Impeachment hearings begin for Alabama governor
MONTGOMERY, Ala. (AP) - Alabama lawmakers started impeachment hearings Monday for Gov. Robert Bentley as they consider whether to oust him over accusations he used state resources to hide an alleged affair with a top aide.
The hearings began three days after the Republican governor made a somber plea for forgiveness from the steps of the Alabama Capitol, acknowledging that he had let people down but promising that he had done nothing illegal or anything to merit his merit removal from office.
As the hearing commenced, there were growing calls among Republicans for Bentley to voluntarily step down. The Alabama Republican Party's steering committee passed a resolution Sunday calling on Bentley to resign immediately, echoing calls from GOP leaders in the House and Senate.
Jack Sharman, the special counsel for the House Judiciary Committee, is scheduled to make his presentation of evidence to the committee as it begins a week of hearings that will culminate with a vote on whether to recommend Bentley's impeachment. Sharman will outline the details of a report published Friday that accused the governor of directing law enforcement to advance his personal interests and protect his reputation.
"We now sit ready to hear the evidence that has been gathered and to allow the governor to confront that evidence," Chairman Mike Jones said at the opening of the hearing. "I trust we will all approach this with a fair and open mind."
Bentley has struggled to shake off a scandal after recordings surfaced last year of him making romantic and sexually charged comments in 2014 to a top female aide before his divorce.
One of the accusations centers on claims that Bentley sent both the state law enforcement secretary and his state security officer to try and track down the recordings.
Bentley has steadfastly refused to resign.
"If the people want to know if I misused state resources, the answer is simply no. I have not," Bentley said Friday. He said unnamed people were taking joy in exposing the embarrassing details of his personal life.
The impeachment articles filed against Bentley accuse him of corruption and neglect of duty.
The Alabama Ethics Commission last week found probable cause that Bentley broke state ethics and campaign laws. The matter has been referred to the attorney general's office.
Sharman last week released thousands of pages of documents and interviews he obtained. They included multiple text messages that Bentley sent the aide, such as "I sure miss you. I need you. I want you. You are the only one."
The governor's then-wife, Dianne Bentley, was able to read the text messages because they also showed up on his state-issued iPad, which he had given the first lady.
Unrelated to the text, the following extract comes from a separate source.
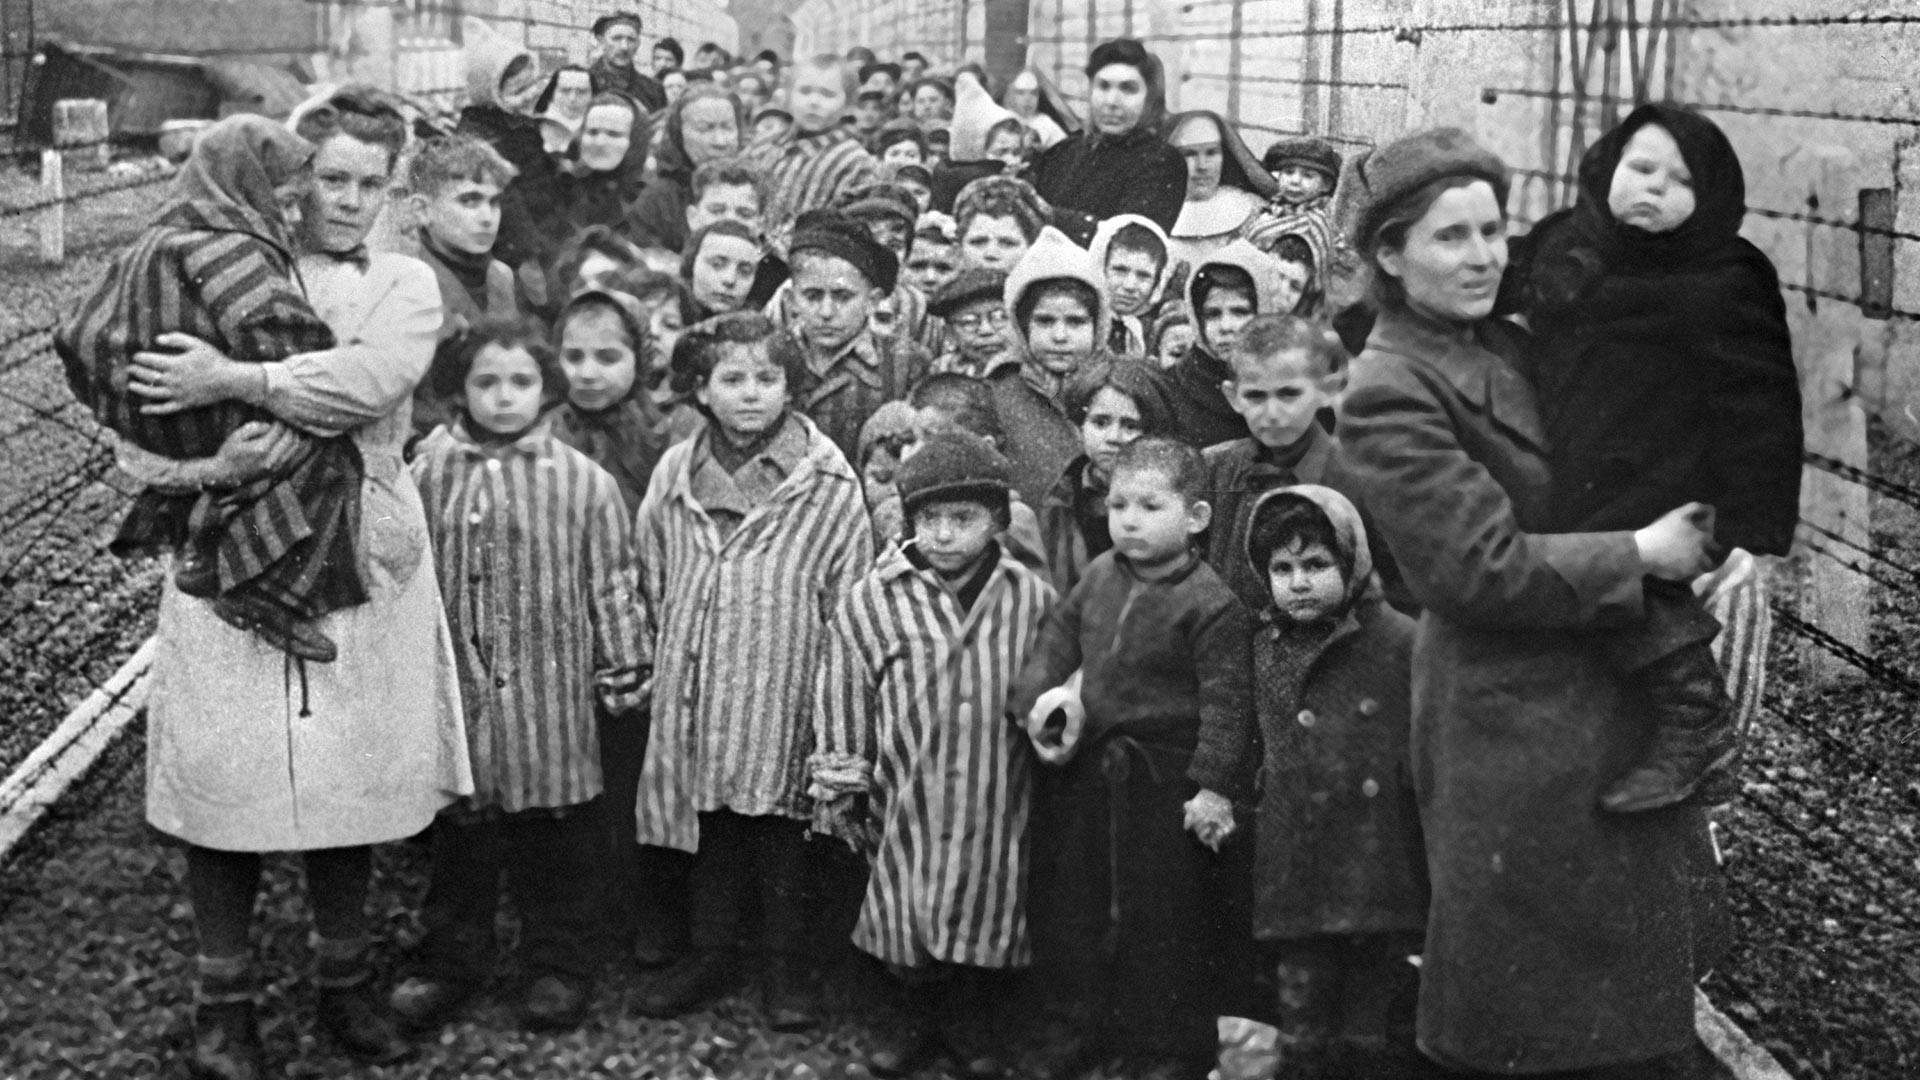 赤軍に解放された直後のオシフェンチム(アウシュビッツ)絶滅収容所の囚人らとソ連の医師ら、および赤十字の代表者ら。1945年2月初旬。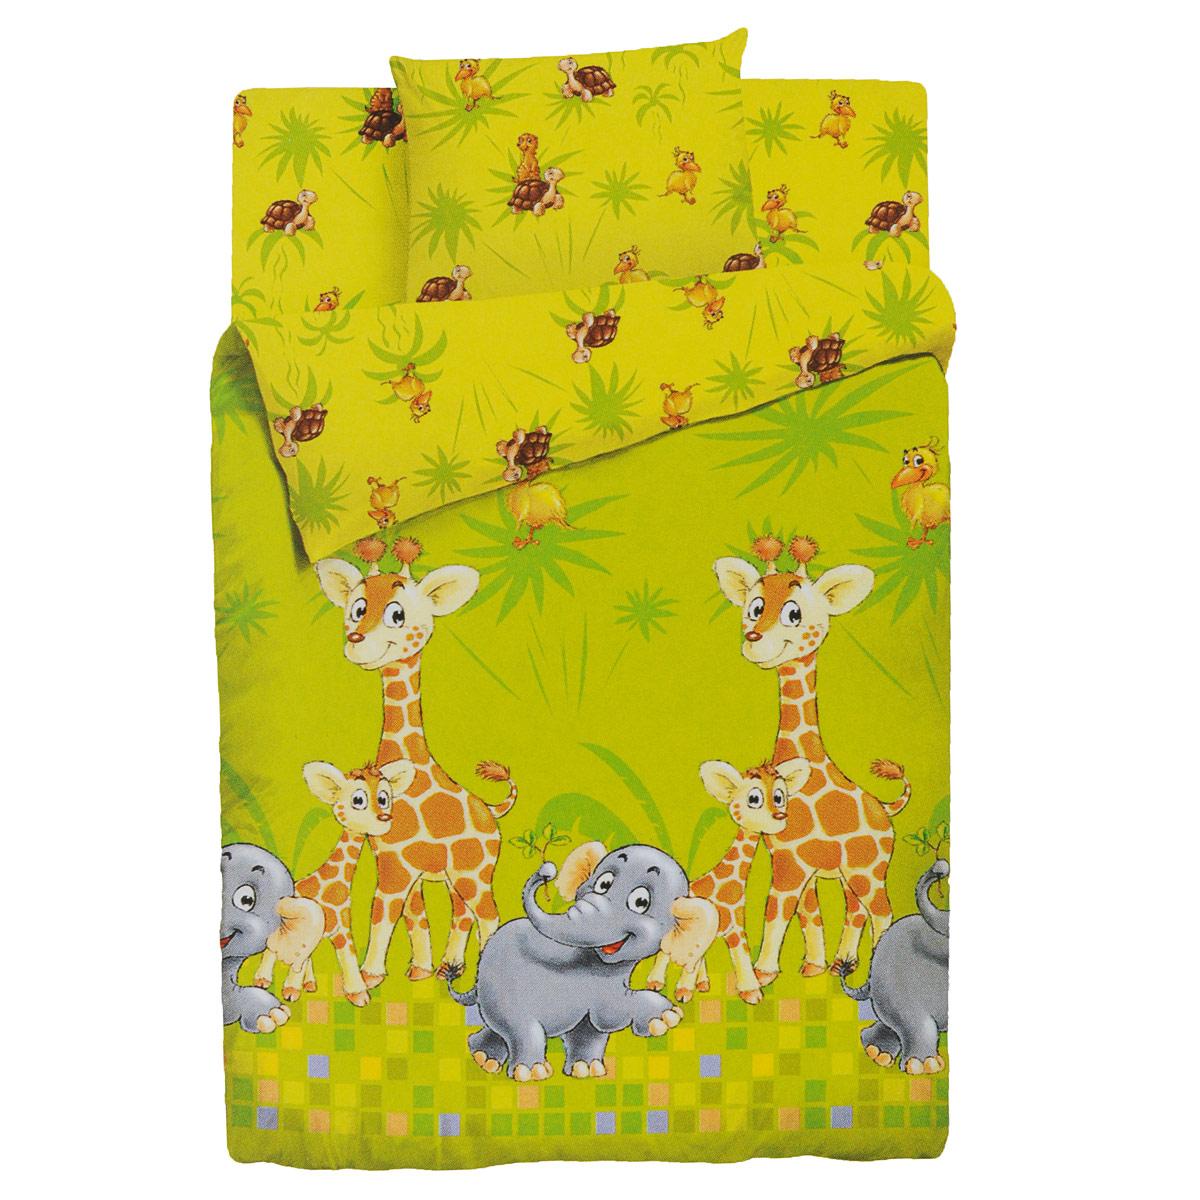 Комплект детского постельного белья Облачко Джунгли, цвет: желтый, 3 предмета. 46000017847094600001784709Детский комплект постельного белья Облачко Джунгли состоит из наволочки, пододеяльника и простыни на резинке. Такой комплект идеально подойдет для кроватки вашего малыша и обеспечит ему здоровый сон. Он изготовлен из бязи (100% хлопок), дарящей малышу непревзойденную мягкость. Натуральный материал не раздражает даже самую нежную и чувствительную кожу ребенка, обеспечивая ему наибольший комфорт. Простыня с помощью специальной резинки растягивается на матрасе. Она не сомнется и не скомкается, как бы не вертелся ребенок. Приятный рисунок комплекта, несомненно, понравится малышу и привлечет его внимание. На постельном белье Облачко Джунгли ваша кроха будет спать здоровым и крепким сном.

Dianne Bentley provided the messages to the committee.
The former first lady's chief of staff also told the committee's special counsel that Bentley threatened her job because he believed she had helped his wife make the recordings.
If the House votes to impeach Bentley, he will automatically be removed from his duties and can only be returned to office if acquitted in a trial-like proceeding before the Alabama Senate.
Bentley lawyer Ross Garber, who represented South Carolina and Connecticut governors in impeachment proceedings, has argued that only the "most grave misconduct" merits impeachment, noting that only two U.S. governors have been impeached since 1929, and both were indicted for serious felonies.
"It is not unusual for elected officials to have ethics and campaign finance issues. In fact, many governors face these things. It is very rare, though, for legislators to try to leverage those issues to impeach a governor. In fact, it is simply not done," Garber told The Associated Press in an email.